The Problem: Every Platform Is Different
Printing a string to the screen sounds simple, but every OS and CPU does it differently:
| Platform | Mechanism | Syscall Write | Syscall Read | Syscall Register |
|---|---|---|---|---|
| x86-64 Linux | SYSCALL | 1 | 0 | RAX (R0) |
| x86-32 Linux | INT 0x80 | 4 | 3 | EAX (R0) |
| ARM Linux | SVC #0 | 4 | 3 | r7 (R7) |
| ARM64 Linux | SVC #0 | 64 | 63 | X8 (via R7) |
| RISC-V Linux | ECALL | 64 | 63 | a7 (R7) |
| x86-64 Windows | Win32 API | WriteFile | ReadFile | dispatcher |
The syscall numbers are different, the registers for arguments are different, and even the instruction to trigger the call is different. Writing raw syscalls would force you to maintain six separate codepaths.
The Solution: std_io and the Precompiler
UA solves this with two mechanisms working together:
- The
SYSinstruction — a single MVIS opcode that emits the correct syscall instruction for the target (SYSCALL, INT 0x80, SVC #0, ECALL, or a Win32 API call). - Precompiler conditionals (
@IF_ARCH,@IF_SYS) — let the library set up the right registers for each platform, all in one source file.
The std_io library uses these to give you two simple, universal functions:
@IMPORT std_io
; --- Printing ---
LDS R0, "Hello, world!\n"
CALL std_io.print ; print null-terminated string at R0
; --- Reading ---
BUFFER input, 64 ; allocate a 64-byte buffer
GET R0, input ; R0 = buffer address
LDI R1, 64 ; R1 = max bytes to read
CALL std_io.read ; read from stdin into buffer
; R0 = bytes actually read (on Linux)
That's it. The same code compiles unchanged for x86-64, ARM, ARM64, RISC-V, x86-32, on both Linux and Windows (where applicable).
How std_io.print Works (Under the Hood)
Let's trace what happens when you call std_io.print on different platforms.

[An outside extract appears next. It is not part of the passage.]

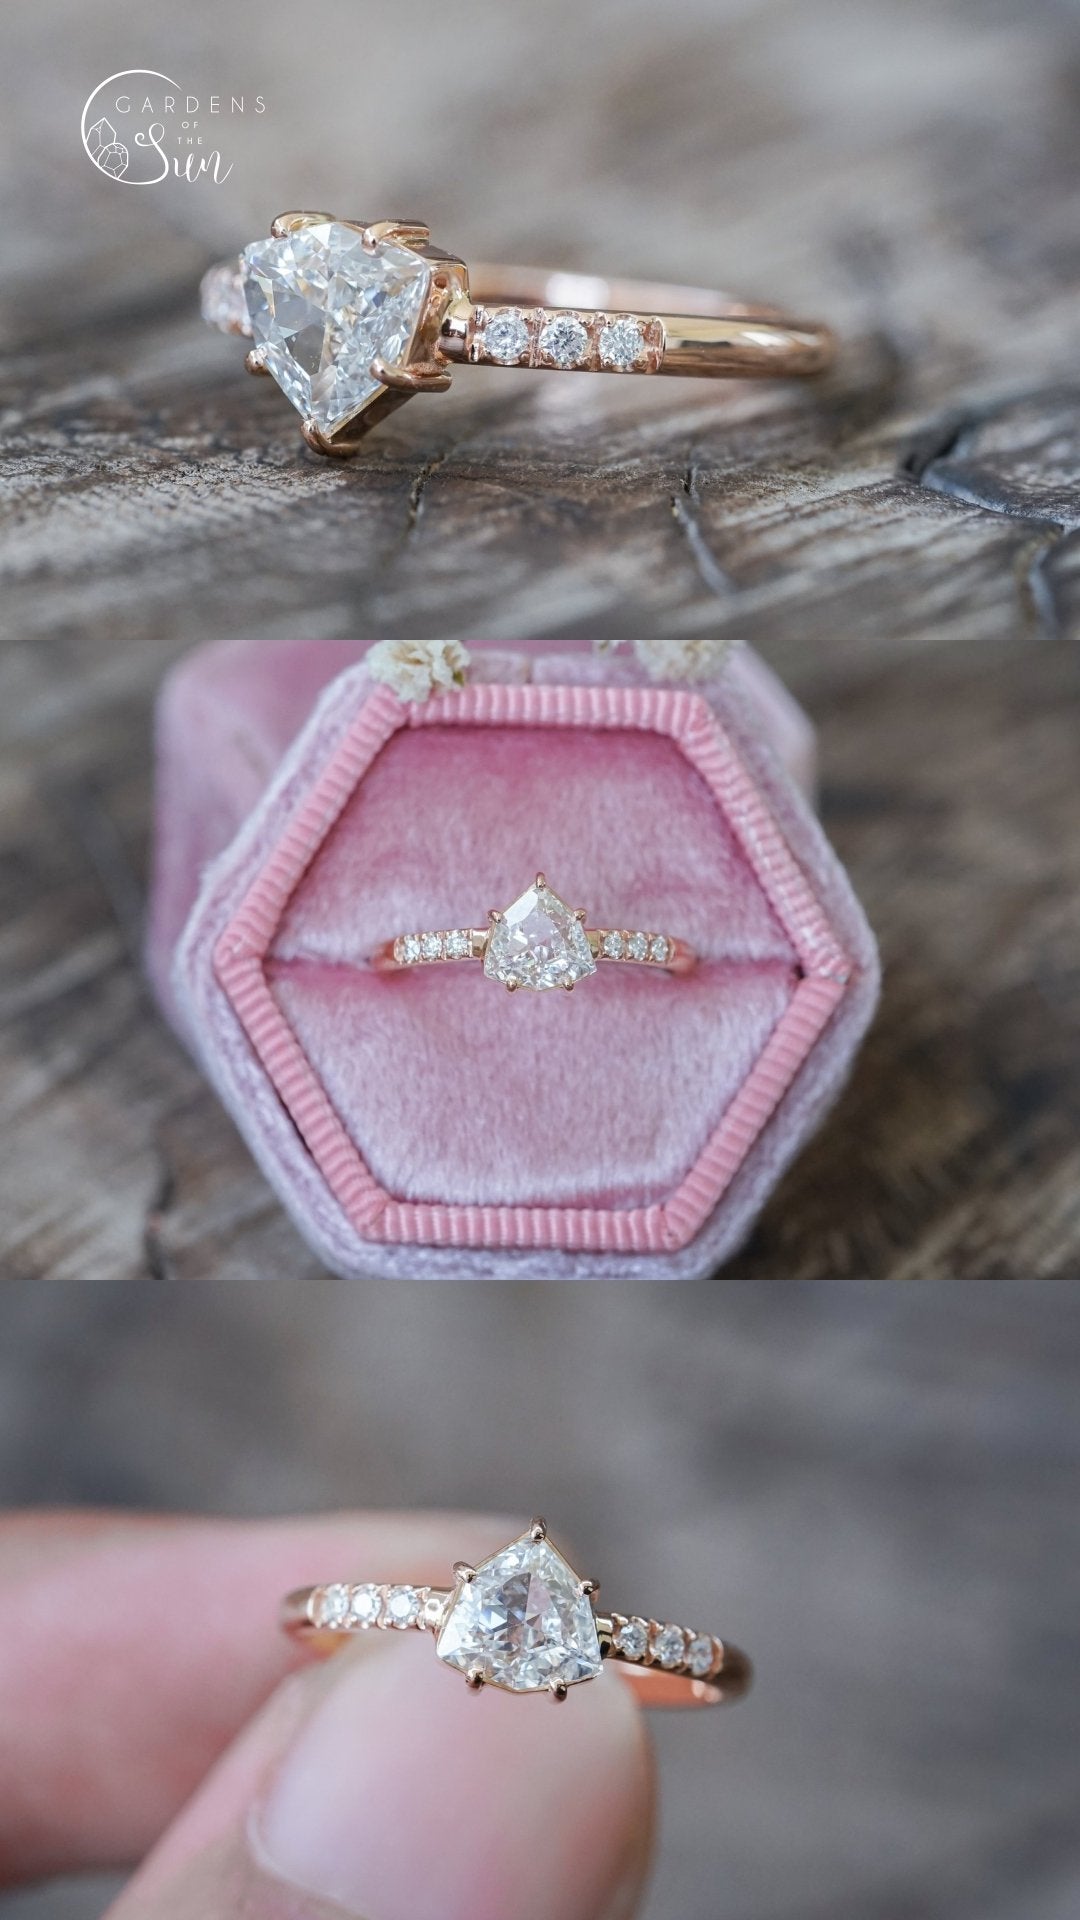 Pink Radiant cut Diamond Necklace - 6.33 carat

Every version of print follows the same algorithm:
- Save the buffer pointer into the register the OS expects.
- Compute strlen — walk bytes with
LOADBuntil a null byte is found. - Load the syscall number and file descriptor into their platform-specific registers.
- Call
SYSto invoke the OS. RETback to the caller.
The only things that change between platforms are which registers hold what and which syscall number to use.

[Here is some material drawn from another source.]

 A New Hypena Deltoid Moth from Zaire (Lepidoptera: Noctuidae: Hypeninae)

Example: x86-64 Linux vs. ARM Linux
x86-64 Linux — the write syscall expects:
- R0 (RAX) = syscall number (1)
- R7 (RDI) = file descriptor (1 = stdout)

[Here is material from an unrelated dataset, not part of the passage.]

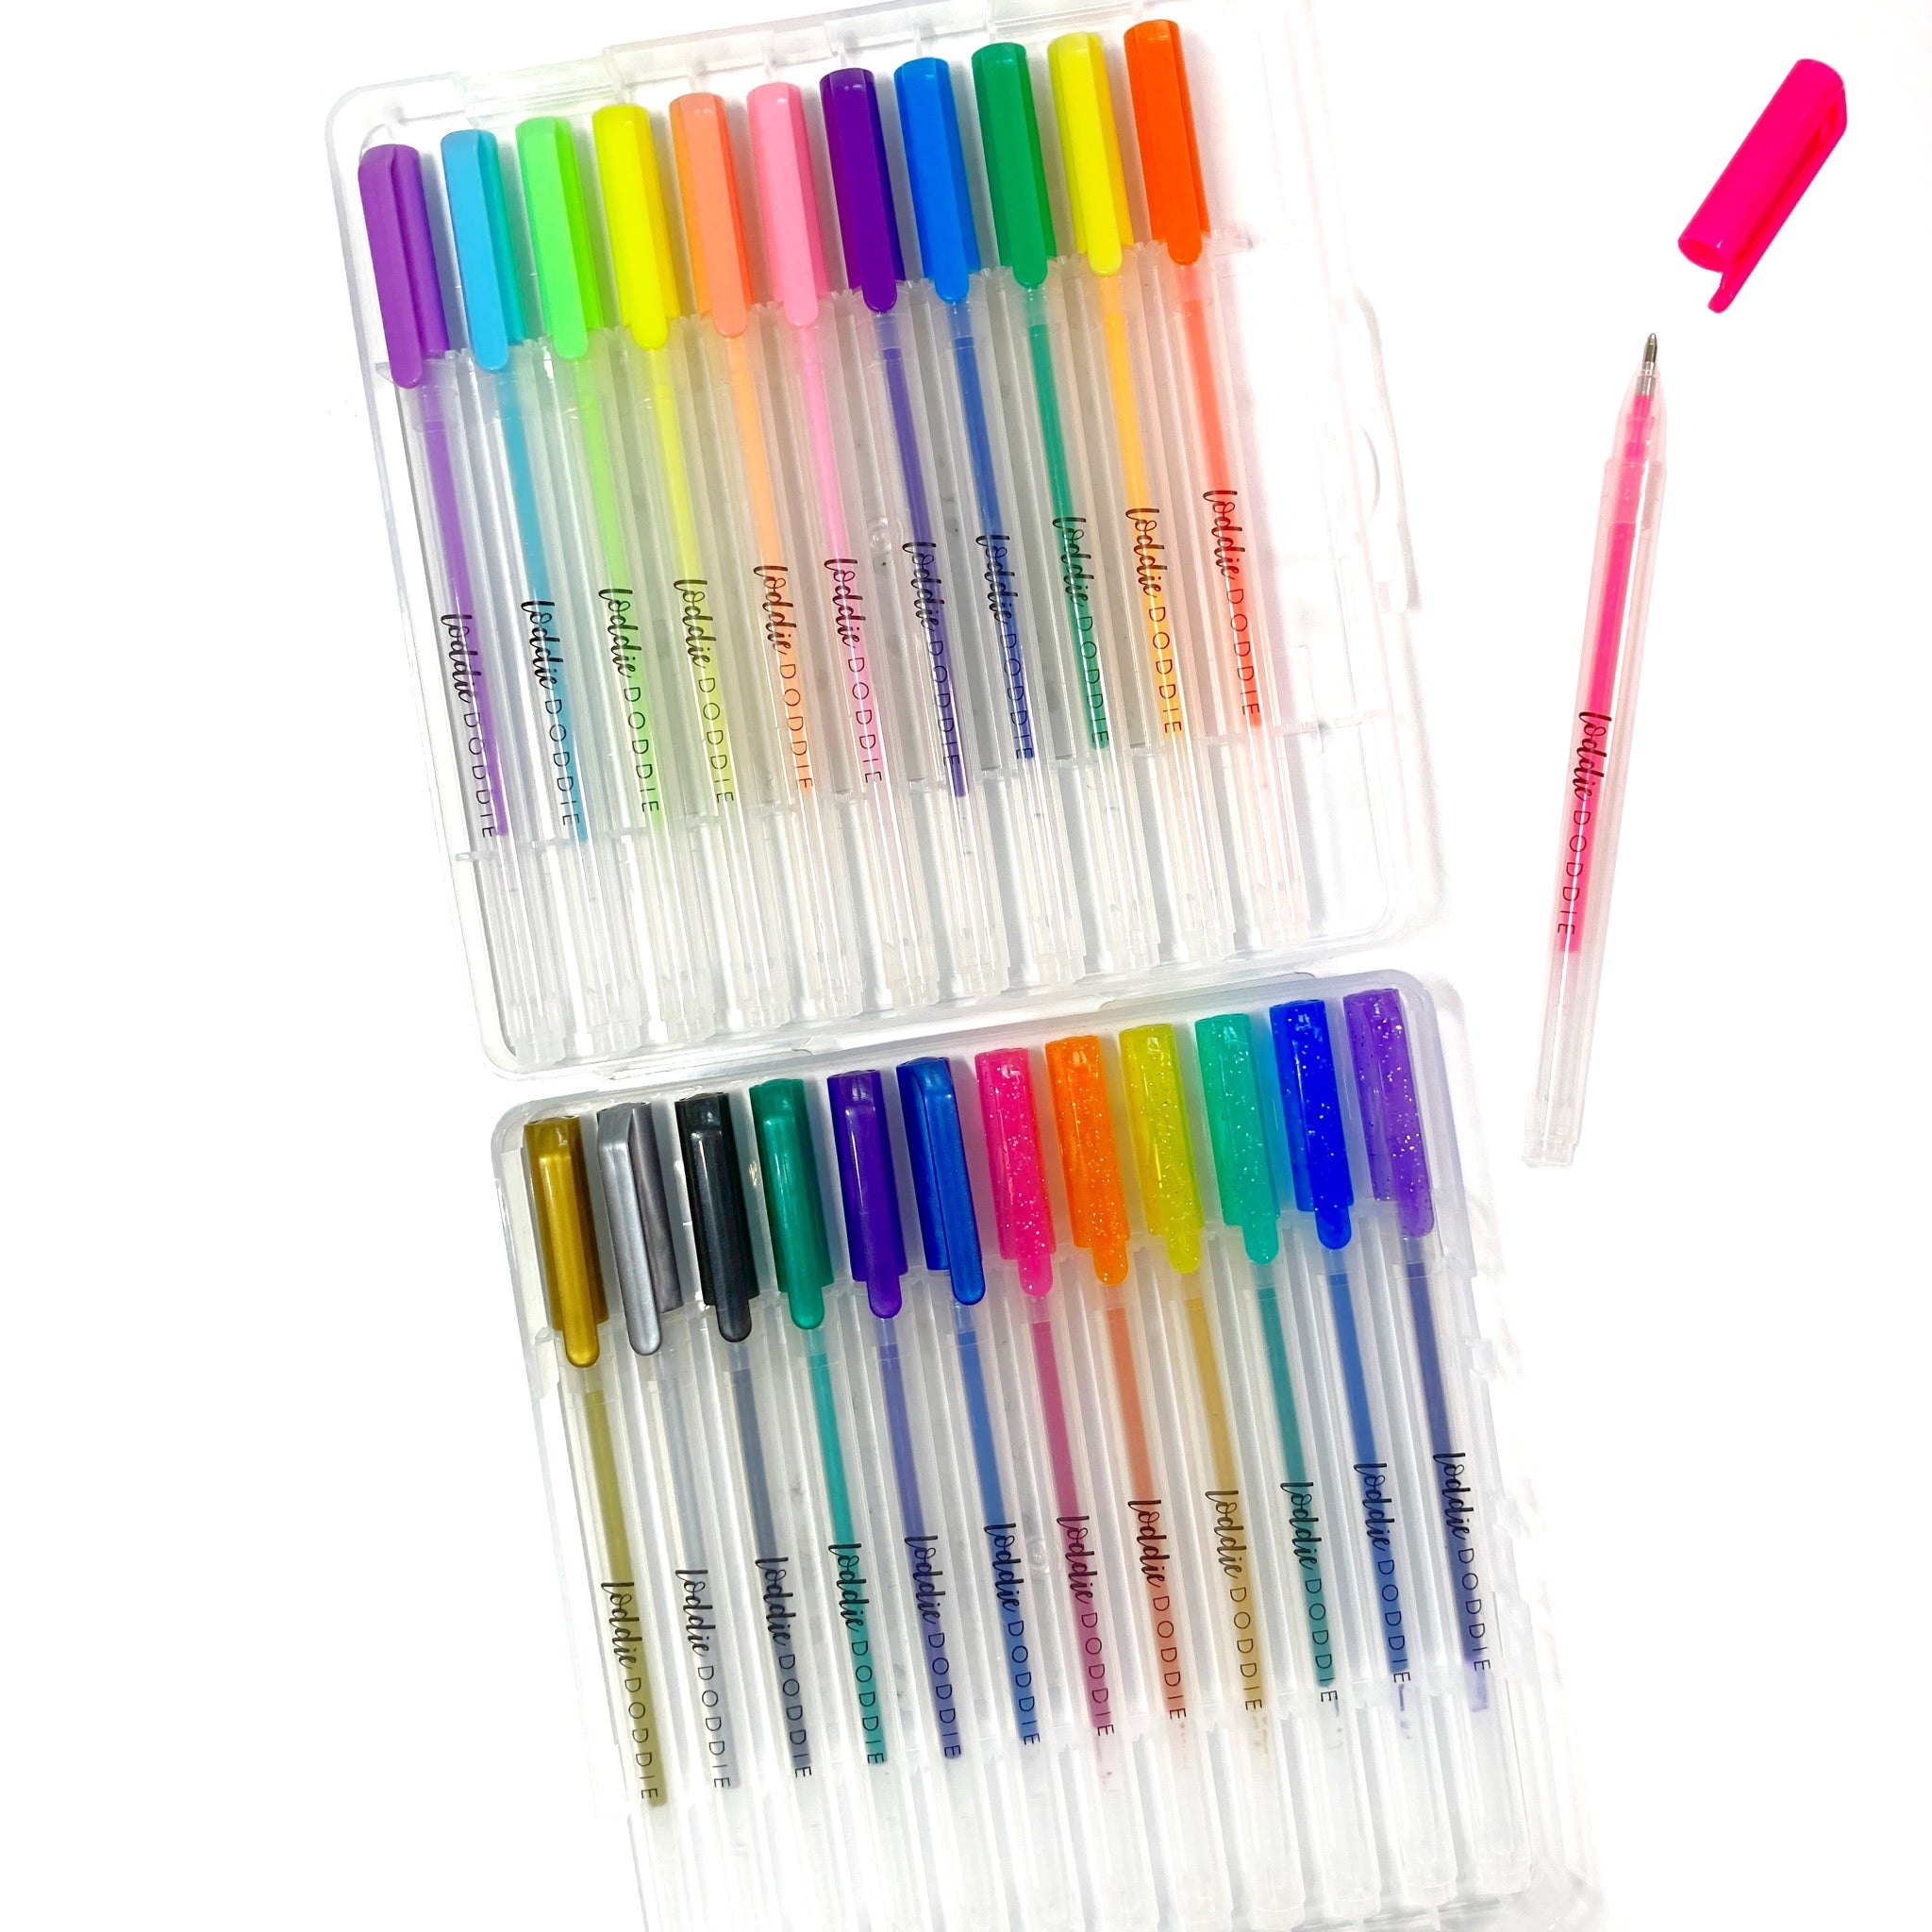 Loddie Doddie Colored Gel Pens for Note Taking, Ballpoint Ink Gel Pens with 1mm Tip, 24-Pack Colored Pens in 6 Neon, Metallic

- R6 (RSI) = buffer pointer
- R2 (RDX) = byte count
@IF_ARCH x86
print:
MOV R6, R0 ; RSI = buf
; ... strlen loop sets R2 = length ...
LDI R0, 1 ; RAX = 1 (write)
LDI R7, 1 ; RDI = 1 (stdout)
SYS ; SYSCALL
RET
@ENDIF
ARM Linux — the write syscall expects:
- R7 = syscall number (4)
- R0 = file descriptor (1 = stdout)
- R1 = buffer pointer
- R2 = byte count
@IF_ARCH arm
@IF_SYS linux
print:
MOV R1, R0 ; r1 = buf
; ... strlen loop sets R2 = length ...
LDI R7, 4 ; r7 = 4 (write)
LDI R0, 1 ; r0 = 1 (stdout)
SYS ; SVC #0
RET
@ENDIF
@ENDIF
Notice how the algorithm is identical — only the register assignments and syscall numbers differ. The @IF_ARCH / @IF_SYS blocks ensure only the correct version is compiled.
How std_io.read Works
The read function is even simpler because there is no strlen step — the caller provides the maximum byte count directly in R1.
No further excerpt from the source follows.